- Born: May 21, 1793 Richmond County, Georgia, U.S.
- Died: September 13, 1847 (aged 54) Mexico City, Mexico
- Place of burial: Laurel Hill Cemetery, Philadelphia, Pennsylvania, U.S.
- Allegiance: United States
- Branch: United States Marine Corps
- Commands: Philadelphia Navy Yard First Battalion
- Conflicts: War of 1812; American Indian Wars Second Seminole War; ; Mexican-American War Battle of Chapultepec; ;
- Relations: John Twiggs (father) David E. Twiggs (brother)

= Levi Twiggs =

American military officer (1793–1847)

Levi Twiggs (May 21, 1793 – September 13, 1847) was an American military officer who served in the United States Marine Corps during the War of 1812, the Second Seminole War, and the Mexican–American War.
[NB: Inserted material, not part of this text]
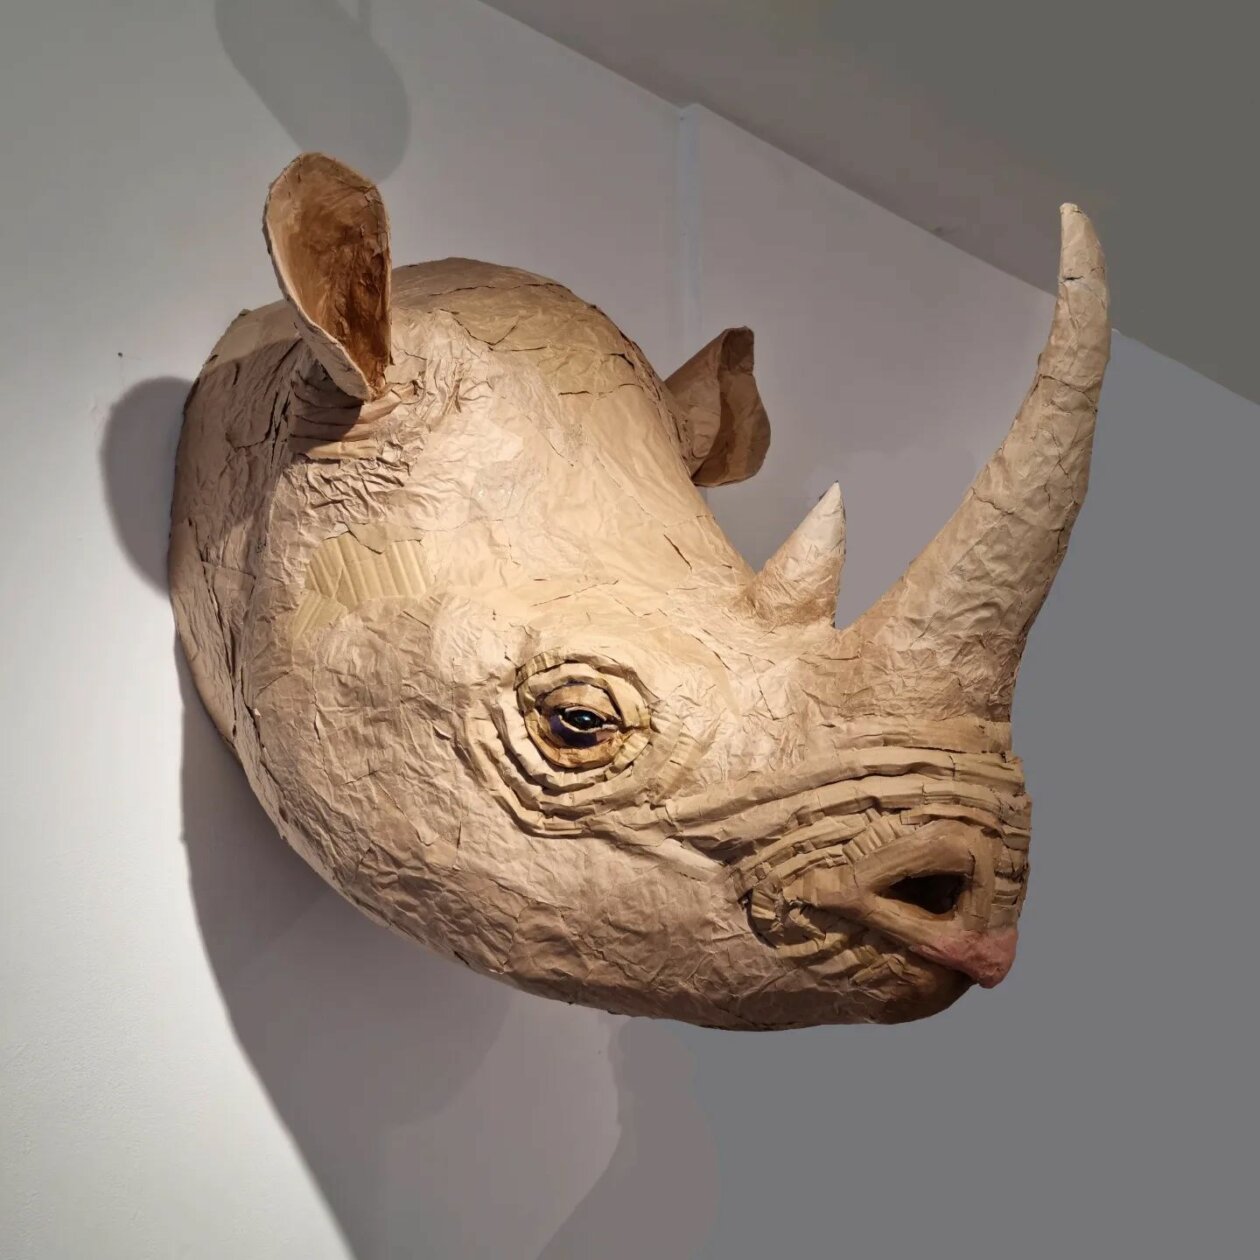 Lifelike Animal Sculptures By Josh Gluckstein (12)

He was killed by enemy fire while leading an attack during the Battle of Chapultepec.

==Early life==
Twiggs was born in Richmond County, Georgia, on May 23, 1793. His father was a leader in the Georgia militia during the American Revolutionary War.

==Career==
He joined the United States Marine Corps and was commissioned a second lieutenant on November 10, 1813. He was promoted to first lieutenant in 1815. During the War of 1812, he saw action on board President and was captured when that frigate was taken by a squadron of four British warships. After being imprisoned at Bermuda, he was freed when word of the Treaty of Ghent reached that island. He served at the New York and Philadelphia stations. In 1824, he was assigned to the USS Constellation under Commodore Lewis Warrington and served for two years in the West Indies Squadron. He was promoted to captain in 1830.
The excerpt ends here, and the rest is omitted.